2. Role of Each Training Type

Training Type	Input Data	Learning Objective	Analogy
SFT	prompt + response pairs	Learn the pattern "answer like this for this kind of question"	Studying from a textbook
DPO	prompt + chosen/rejected pairs	Increase preference probability for good responses (relative to reference model)	Teacher says "this one is better"
ORPO	prompt + chosen/rejected pairs	SFT + preference learning in one pass (no reference needed)	Studying while getting feedback simultaneously
RM	prompt + chosen/rejected pairs	Predict response quality score (scalar reward)	Training a judge
PPO	prompt + RM scores	Learn a generation strategy that earns high rewards (3 models: policy + RM + reference)	Practicing repeatedly with judge feedback

DPO vs ORPO: Preference Learning Selection Guide

DPO and ORPO are both preference learning methods but are structurally different:

Item	DPO	ORPO
Reference model	Required (adapter disable)	Not required
Forward passes	2 (policy + reference)	1
GPU memory	High (2x forward)	Low (1x forward)
Loss structure	Preference loss only	SFT + preference combined
Handoff compatibility	Incompatible (LoRA frozen -> loss fixed)	Compatible
MoE Phase 0	reward=0 (normal, when LoRA frozen)	sft_loss remains effective

Recommendation: For single GPU + MoE combinations, ORPO is the practical alternative. Choose DPO when you have sufficient GPU memory and are not using Handoff.

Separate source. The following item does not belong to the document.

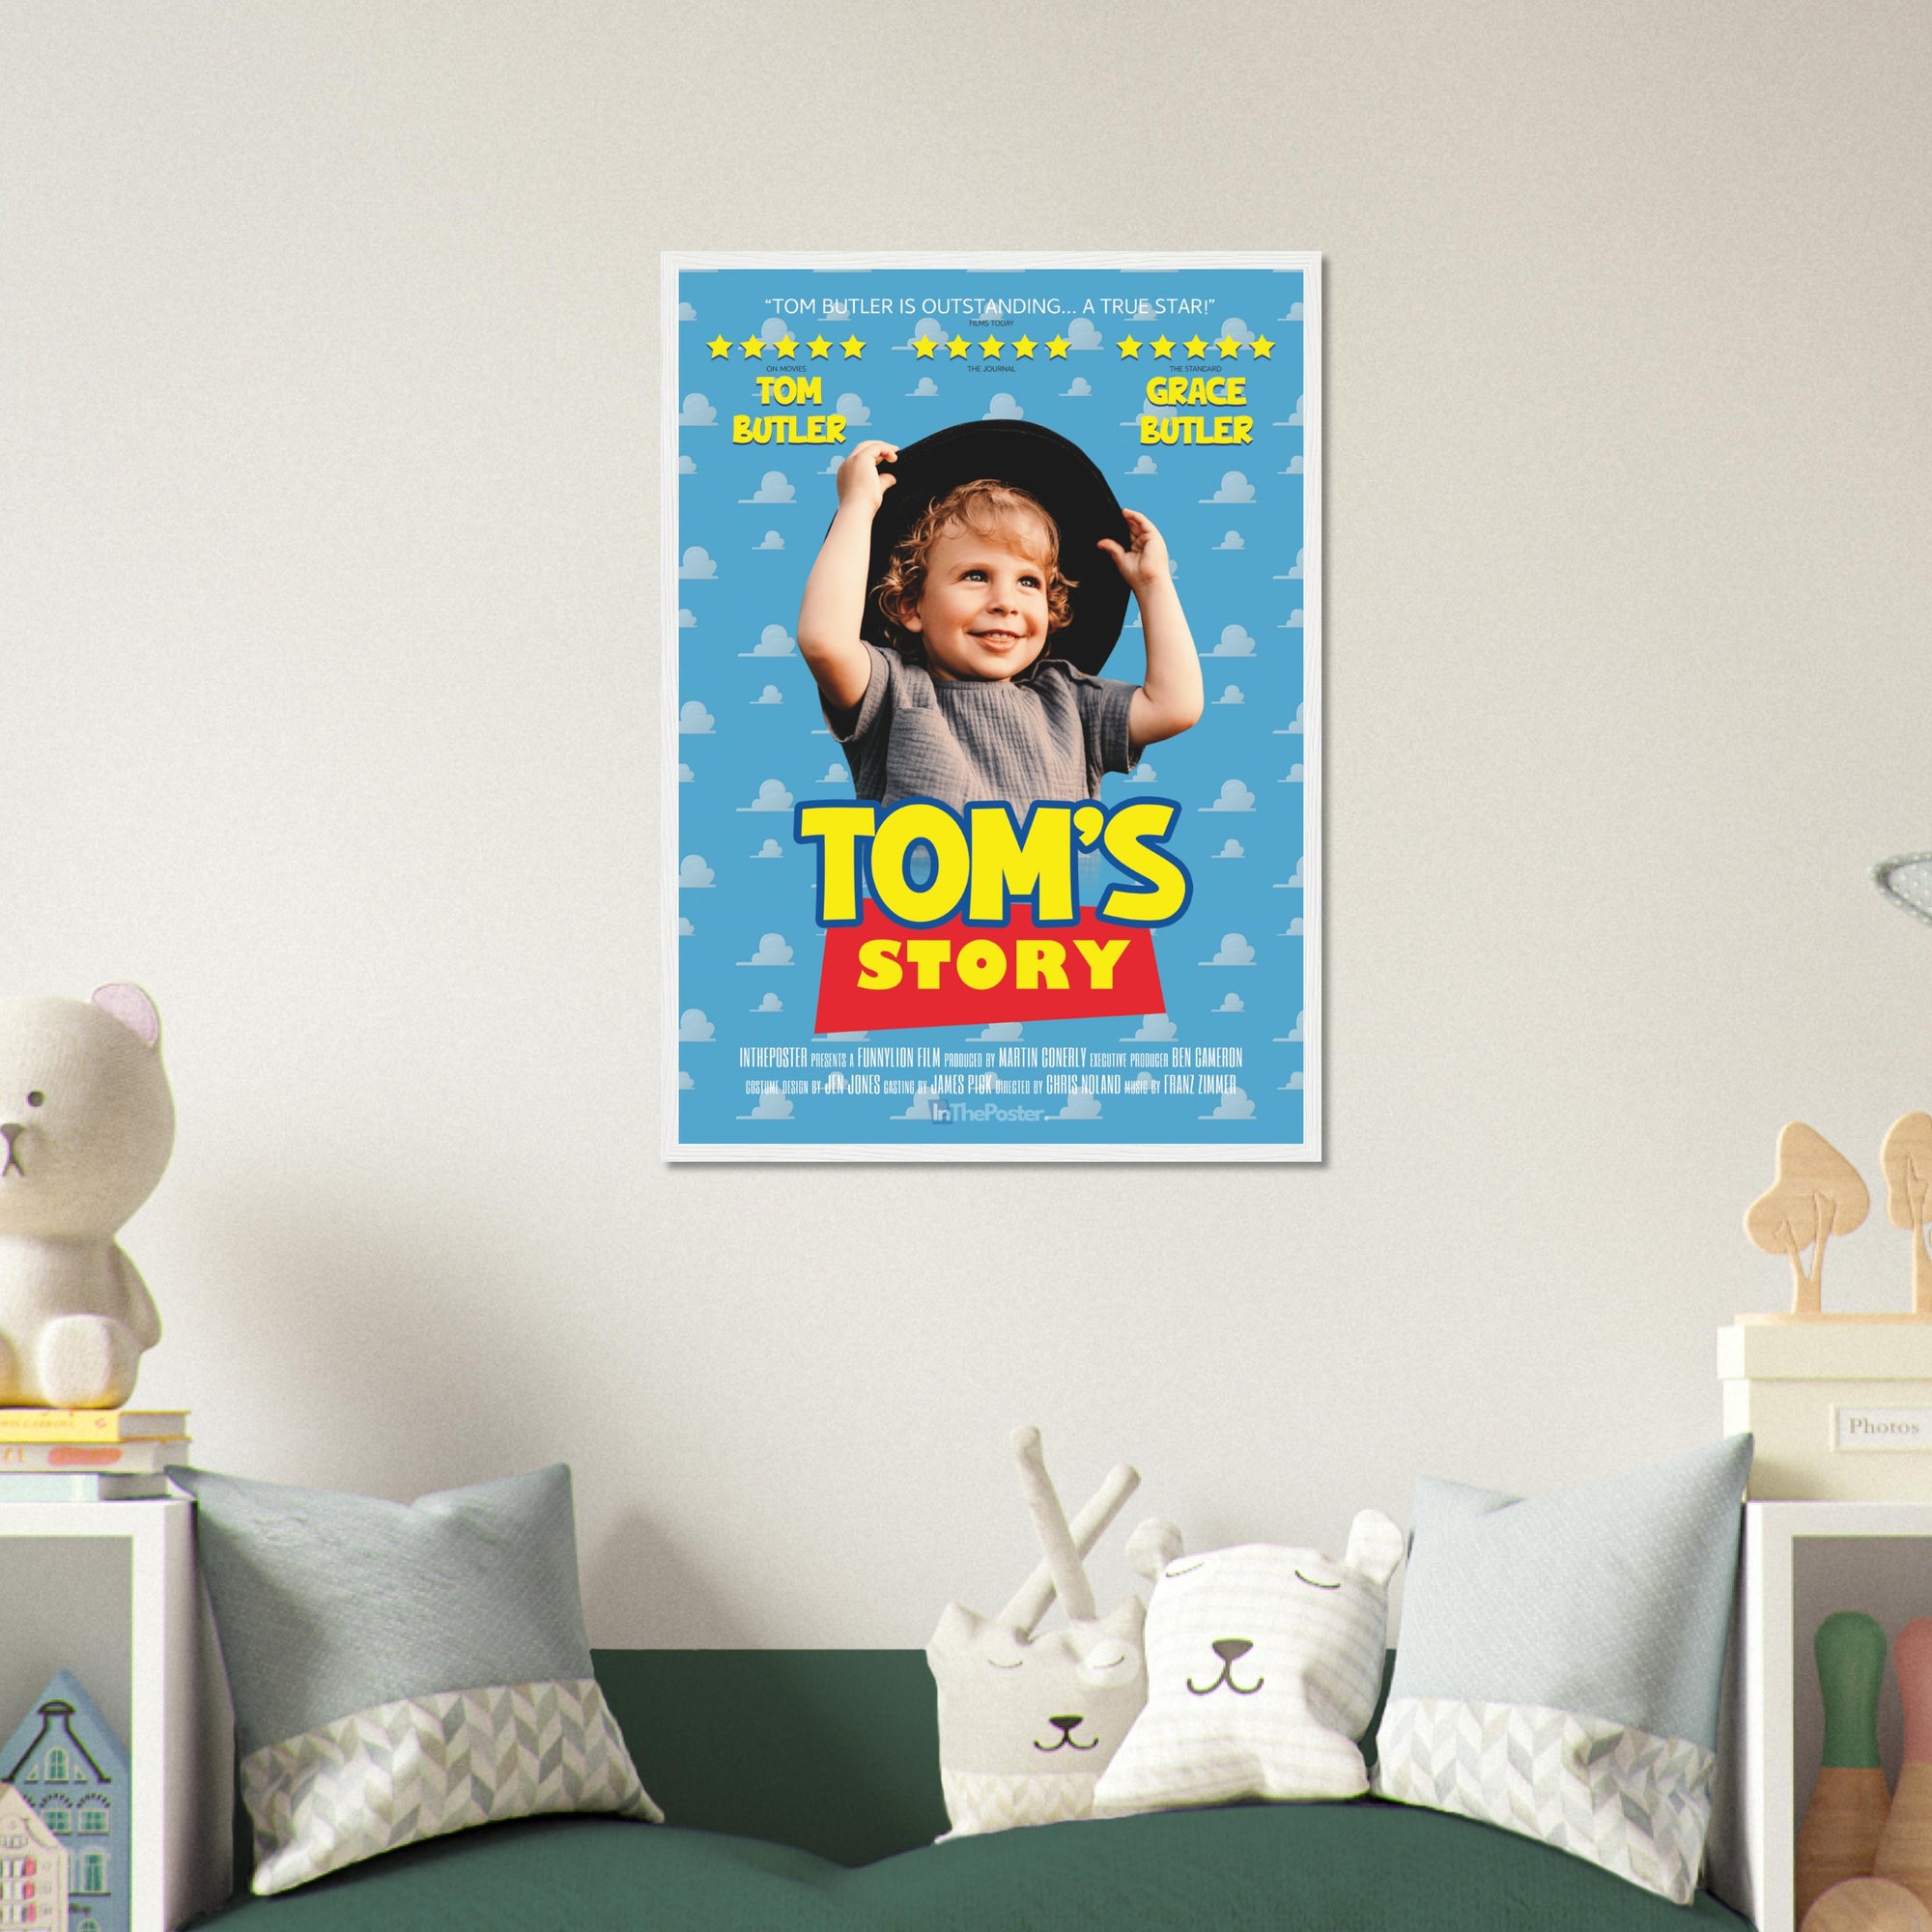 A Toy Story inspired movie poster design in a regular white frame, on a grey wall in a kids bedroom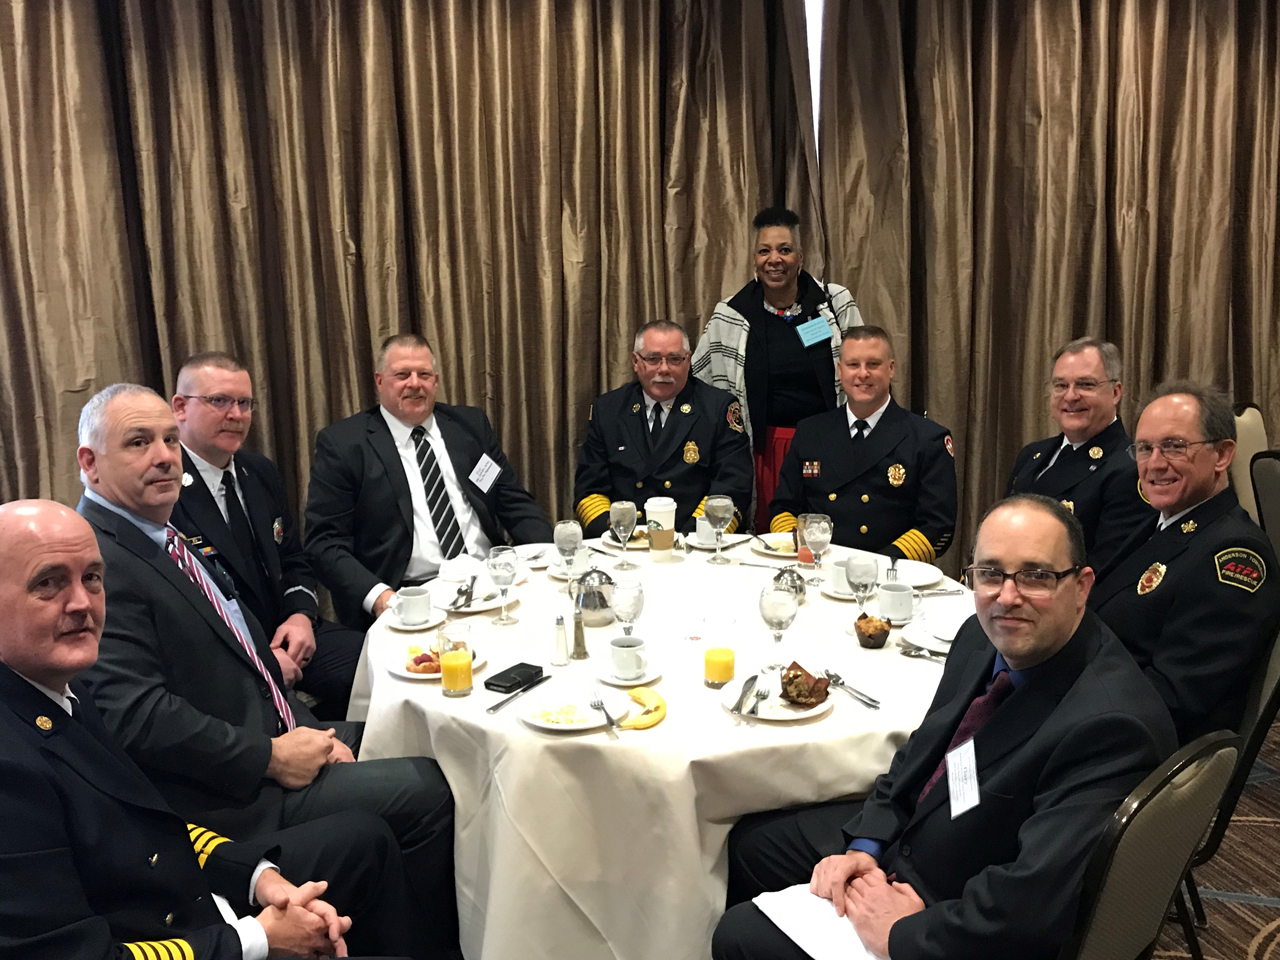 Rep. Ingram with local fire chiefs at the OFCA Legislative Breakfast

3. Recommended Training Order

Path A: SFT -> DPO (Most Common)

SFT (5,000 steps) → DPO (1,500 steps) → Deploy

Step	Purpose	Advantage
SFT	Instruction-following foundation	Model learns how to answer questions
DPO	Preference alignment	Prefers good responses relative to reference model (SFT). No separate RM needed

Advantages: The simplest 2-stage pipeline. Direct preference optimization without RM training.

# Step 1: SFT
eulerforge train --preset configs/presets/qwen3.5_0.8b_dense_lora_sft.yml \
    --set data.format=raw --set data.task=sft \
    --set data.path=data/sft_10k_raw.jsonl \
    --output-dir ./outputs/pipeline/dense_lora_sft 

# Step 2: DPO (based on SFT checkpoint)
eulerforge train --preset configs/presets/qwen3.5_0.8b_moe_expert_lora_dpo.yml \
    --set model_name=outputs/run_YYYYMMDD_HHMMSS/final \
    --set data.format=raw --set data.task=prompted_preference \
    --set data.path=data/dpo_10k_raw.jsonl

Path B: SFT -> ORPO (Practical Alternative to DPO -- Recommended)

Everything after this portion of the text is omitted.